The Suspicions of Mr Whicher: a Shocking Murder and the undoing of a Great Victorian Detective by Kate Summerscale was a book I liked in every way. I liked the historical murder presented in the form of a murder-mystery. I liked connecting the Road House killing to the novels written at the time. I liked the tracing of the history of all the 'players' to their natural deaths. I just liked the book.

6
671books
Jan 07, 2016

A great book that gives insight in to the life and times of Victorian England. Also sheds a light on how the police treated violent deaths back in the day.

u
uncommonreader
Jan 16, 2014

Interesting insight into Victorian culture and values through the story of a Victorian country house murder in 1860 and the Scotland Yard Dectective who tried to solve the mystery.

i
IV27HUjg
Nov 18, 2013

Kind of dry reading however! it's related to the Railway Murder in 1864 of which Richard (Dick) Tanner the very first 'inspector' whose job was similarly based the fictional Sherlock Holms.
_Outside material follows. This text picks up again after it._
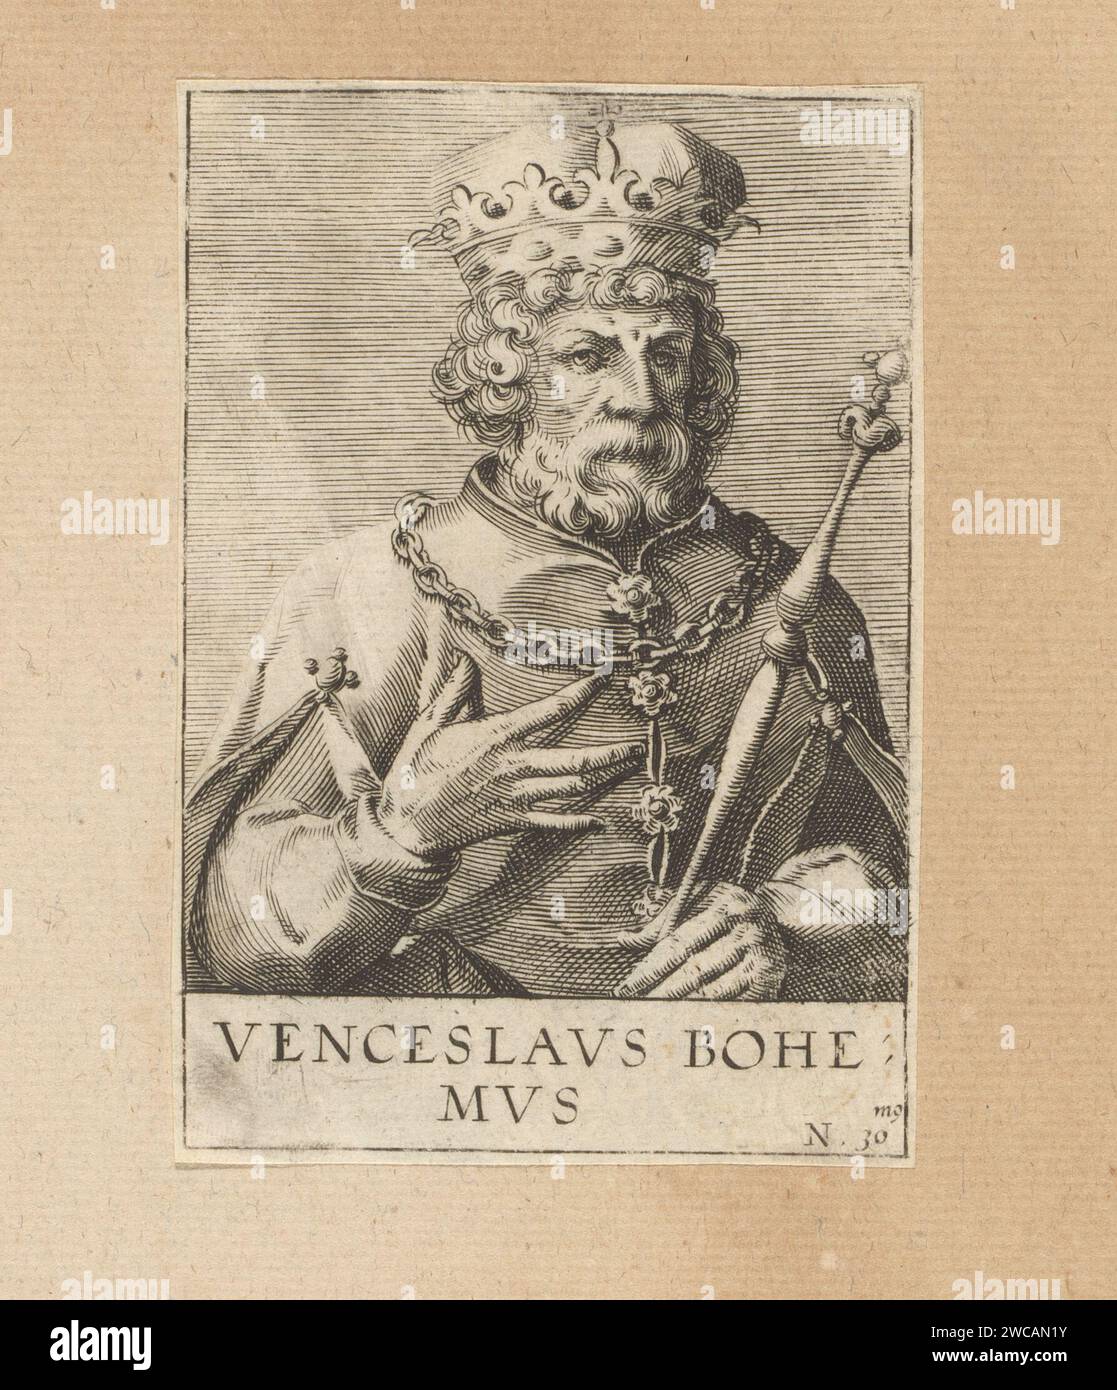 Ritratto di Venceslao II, anonimo, dopo Johann Hogenberg, 1574 - 1594 stampa numerata: 30. La stampa fa parte di un album. Carta di Colonia persone storiche. re Foto Stock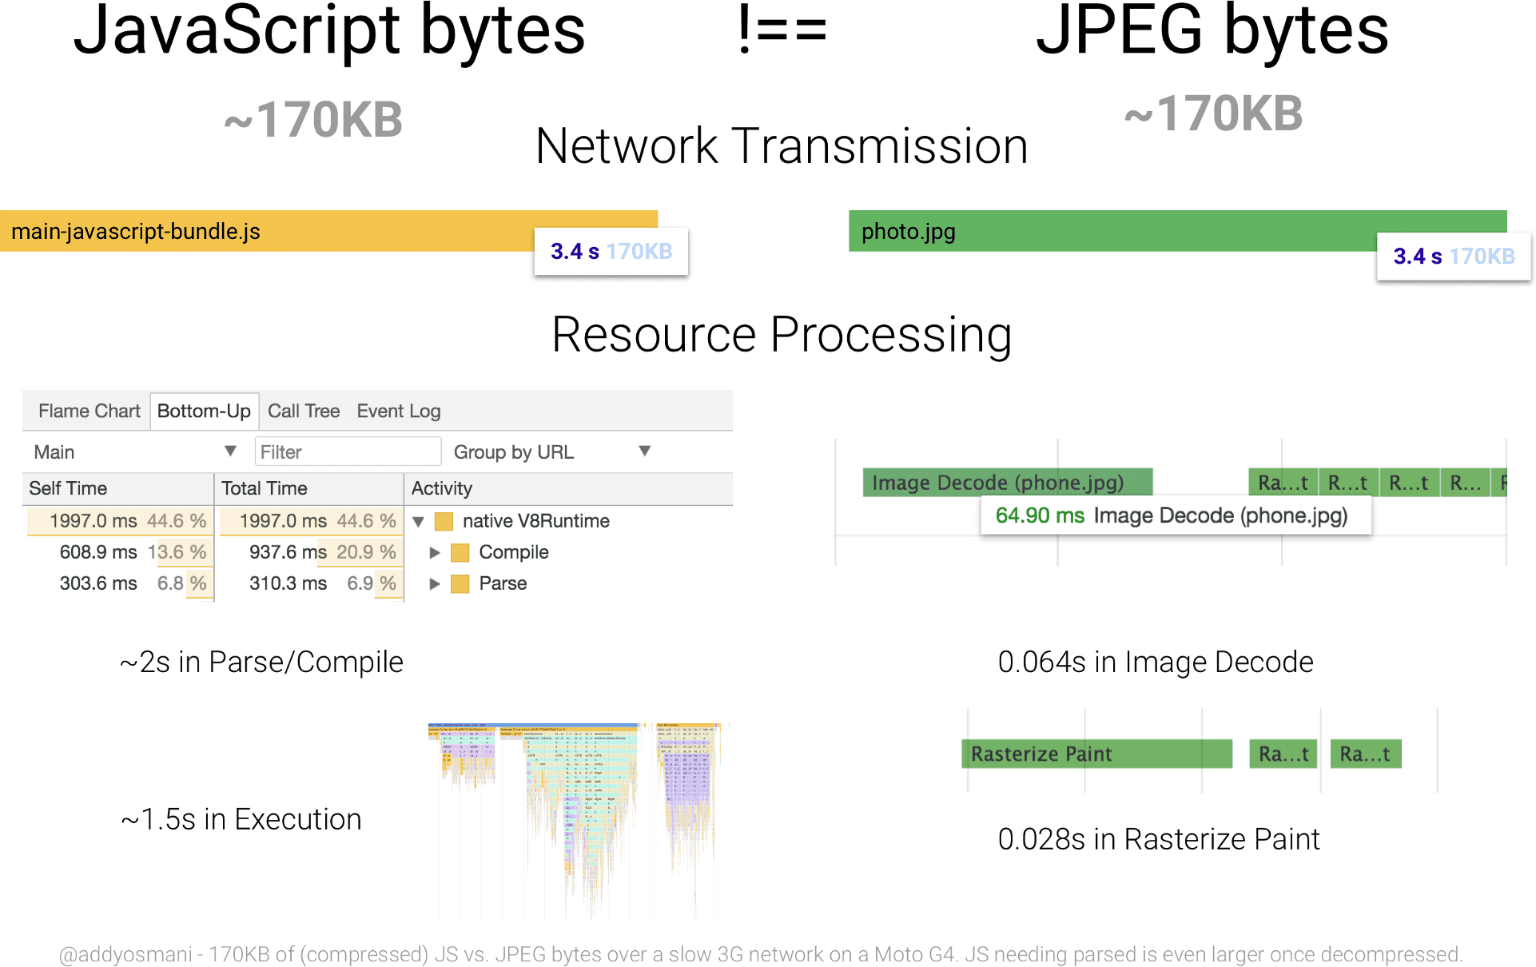 Diagram porównujący czas przetwarzania 170 KB JavaScriptu z czasem przetwarzania obrazu JPEG o porównywalnym rozmiarze. Zasób JavaScriptu zajmuje dużo więcej bajtów niż JPEG niż plik JPEG.

Tanner is buried at Winchester West Hill Cemetery. Further interest see PBS Secrets of Scotland Yard 11/2013 Excellent.

KatSu Aug 18, 2012

Oh dear, I was really disappointed in this, it read like a police report, very boring, I kept going only because I wanted to find out what happened, and believe it or not I am really not sure I did.

hgeng63 Aug 04, 2012

Really outstanding--a Victorian true crime that reads like a mystery! This was the "O.J. Simpson" -like case of the day.

loonylovesgood Jul 15, 2012

I found this very fascinating - a really good documentary of a Victorian murder mystery. I couldn't put it down!

alleycat Jun 13, 2012

Outstanding non-fiction read ... Summerscale apparently had trouble reigning herself in while researching this piece. Not just a fascinating true-crime work set in Victorian England, this is also an incredibly interesting take on family ties and sleuth history. I'd also like to add that the book won the prestigious Samuel Johnson prize for non-fiction in 2008.

debwalker Jun 11, 2011

"If you like Sherlock Holmes you won't be disappointed by The Suspicions of Mr. Whicher, Kate Summerscale's retelling of a country-house murder in 1860s England. Her brilliant writing and research go far beyond a whodunit and open a revealing window on the strange, half-modern world of the Victorians."

Ronald Wright

l
ladybugg
May 18, 2011

Very interesting,very well written,lots of good information of the beginnings of detective and police work.